In particular, Examples 1 to 9 in which the fiber diameter, the fiber density, and the tensile elastic modulus of the supply gas flow path member 24 are in the preferable range and the film thickness of the accelerating separation membrane 20a is in the preferable range are airtight. Both the properties and the separation performance are “A” evaluations, and particularly excellent performance is exhibited.

In contrast, Comparative Examples 1 and 2 having no coating 28 on the surface of the supply gas flow path member 24 are promoted by the supply gas flow path member 24 when the laminate 14 is wound around the central cylinder 12. It is considered that the transport membrane 20a was greatly damaged, the confidentiality was insufficient, and the separation performance could not be evaluated.
From the above results, the effects of the present invention are clear.

  It can be suitably used for hydrogen gas production, natural gas purification, and the like.

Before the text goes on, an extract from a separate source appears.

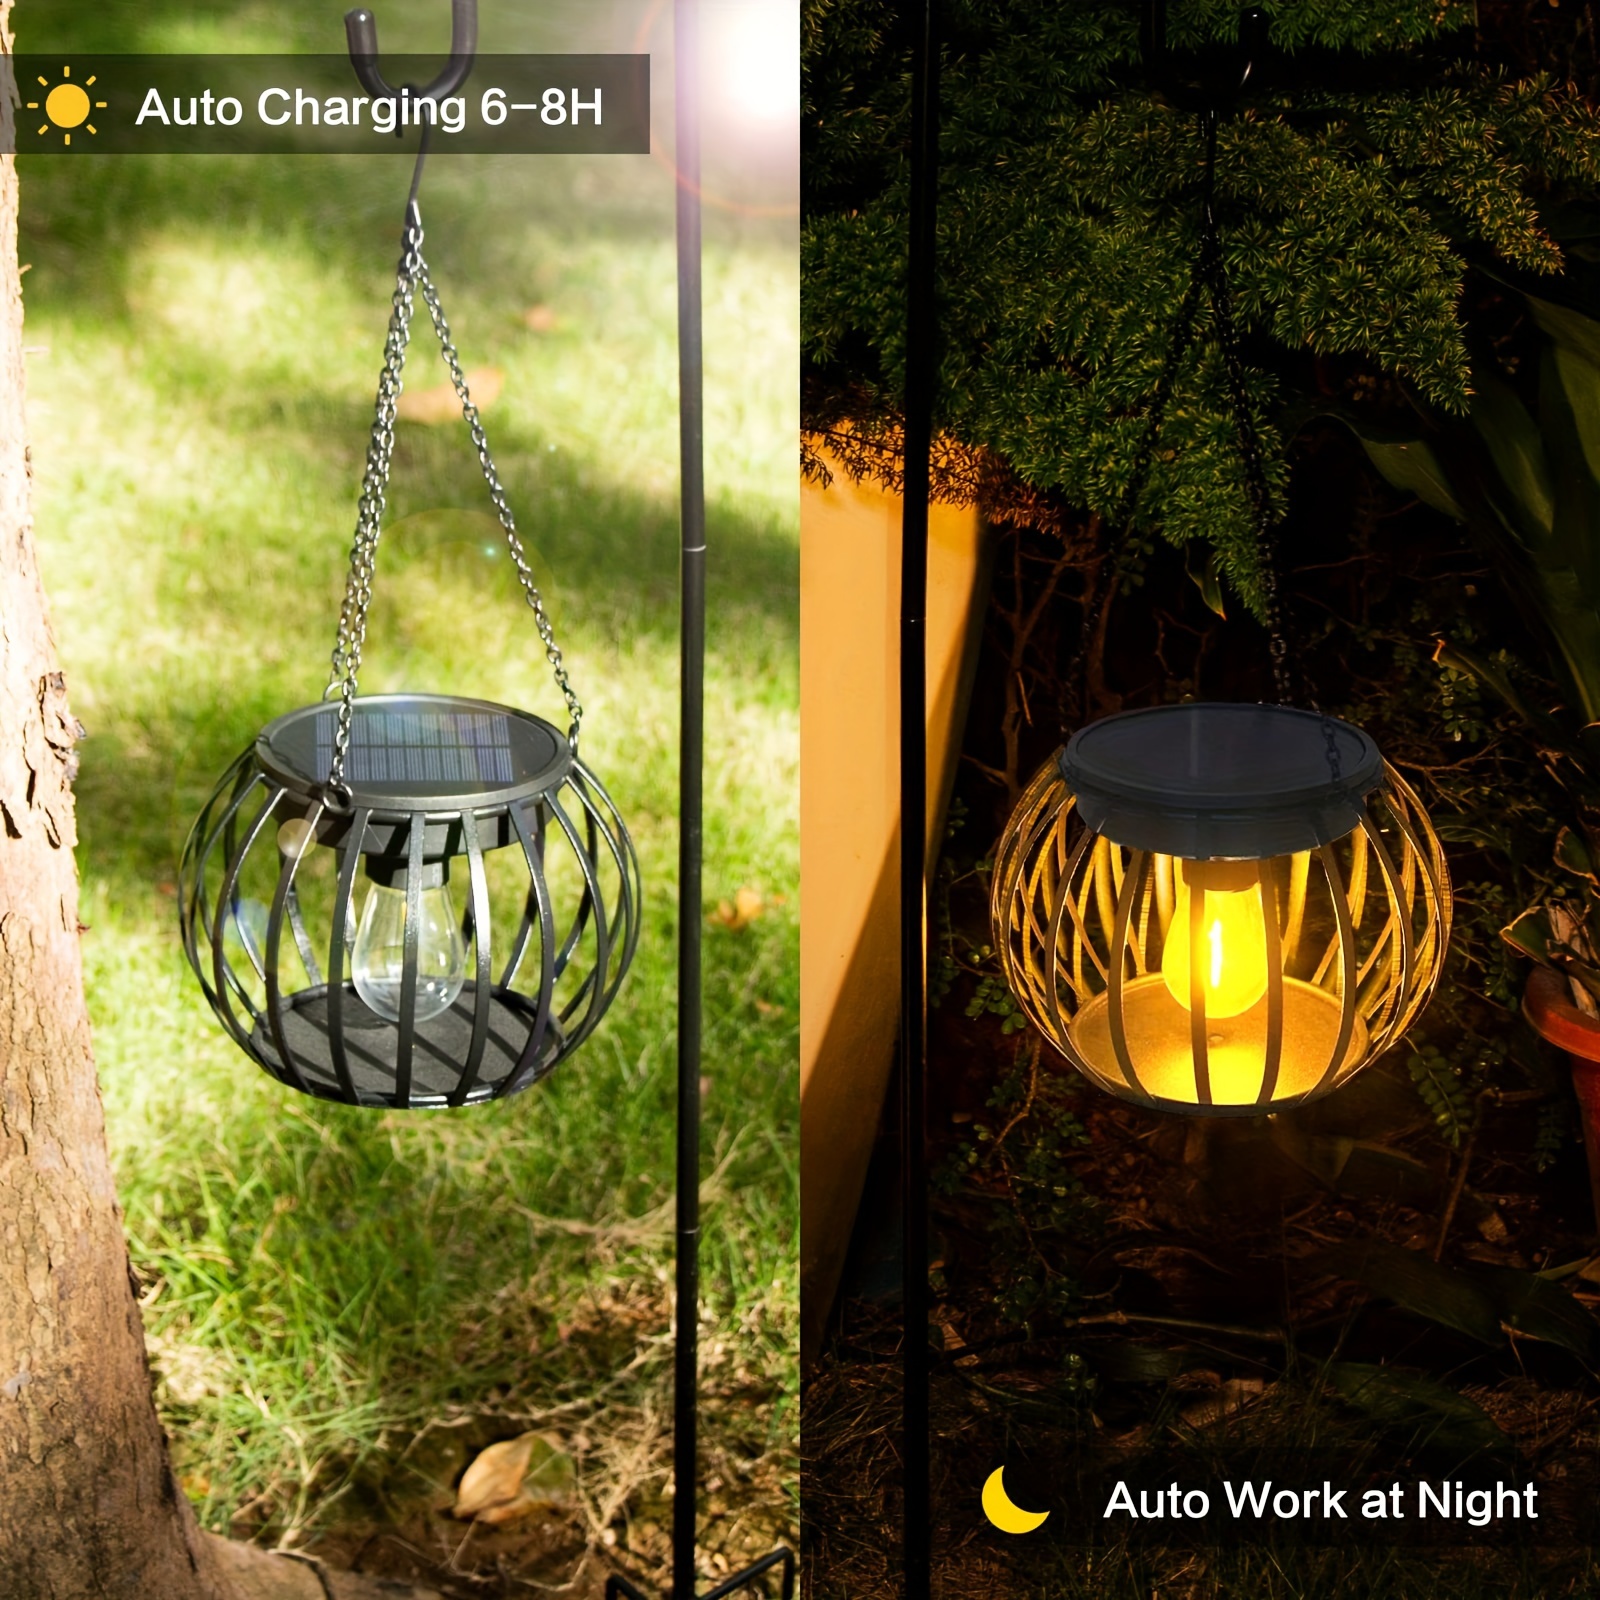 Mini Hanging Camping Lantern USB Outdoor Light Water Resistant Garden Lamp  with 2 Lighting Modes for Garden Yard Patio Tree Decoration

DESCRIPTION OF SYMBOLS 10 (Acid gas) separation module 12 Central cylinder 14 Laminated body 14a Spiral laminated body 16 Telescope prevention board 16a Outer ring part 16b Inner ring part 16c Rib 16d Opening part 18 Covering layer 20 Acid gas separation layer 20a Accelerated transport film 20b Porous Support 24 Member for supply gas flow path 26 Member for permeate gas flow path 28 Coating 30 Adhesive layer 30a Adhesive 34 Fixing means 36 Nipping body

Claims (7)

A central tube having a through-hole formed in the tube wall;
A supply gas flow path member serving as a flow path for the source gas;
A supply gas flow path member comprising a carrier that reacts with an acidic gas and that contains a hydrophilic compound for supporting the carrier, which separates the acidic gas from the source gas flowing through the supply gas flow path member. An acidic gas separation layer on the side surface;
A member for a permeating gas channel that becomes a channel through which the acidic gas that has permeated the facilitated transport membrane flows to the central cylinder;
Having at least one of a fluorine-based film and a silicon-based film formed on the surface of the supply gas flow path member on the facilitated transport film side,
A spiral-type module for acidic gas separation formed by winding one or more laminates having the supply gas flow path member, the acidic gas separation layer, and the permeate gas flow path member around the central cylinder. ^2. The acidic gas separation spiral module according to claim 1, wherein the supply gas flow path member is a woven fabric or a non-woven fabric having a fiber diameter of 100 to 900 μm and a fiber density of ² to 30 mg / cm ² .   The spiral module for acidic gas separation according to claim 1 or 2, wherein the facilitated transport membrane has a thickness of 5 to 150 µm.   4. The acidic gas separation according to claim 1, wherein a tensile elastic modulus of the member for a supply gas passage in which at least one of the fluorine-based film and the silicon-based film is formed is 1 to 500 MPa. Spiral type module.   The member for supply gas flow path is selected from polyethylene, polystyrene, polyethylene terephthalate, polytetrafluoroethylene, polyethersulfone, polyphenylene sulfide, polysulfone, polypropylene, polyimide, polyetherimide, polyetheretherketone and polyvinylidene fluoride. The spiral-type module for acidic gas separation according to any one of claims 1 to 4, wherein the spiral-type module has a network structure formed of yarns containing at least a seed resin.   The laminated body is an acidic gas separation layer folded in half with the facilitated transport membrane inside, and the permeated gas flow path member is stacked on a sandwiched body sandwiching the supply gas flow path member. The spiral-type module for acidic gas separation according to any one of claims 1 to 5, having a configuration.   The acidic gas separation layer according to any one of claims 1 to 6, wherein the acidic gas separation layer has a configuration in which the facilitated transport membrane is supported by a porous support.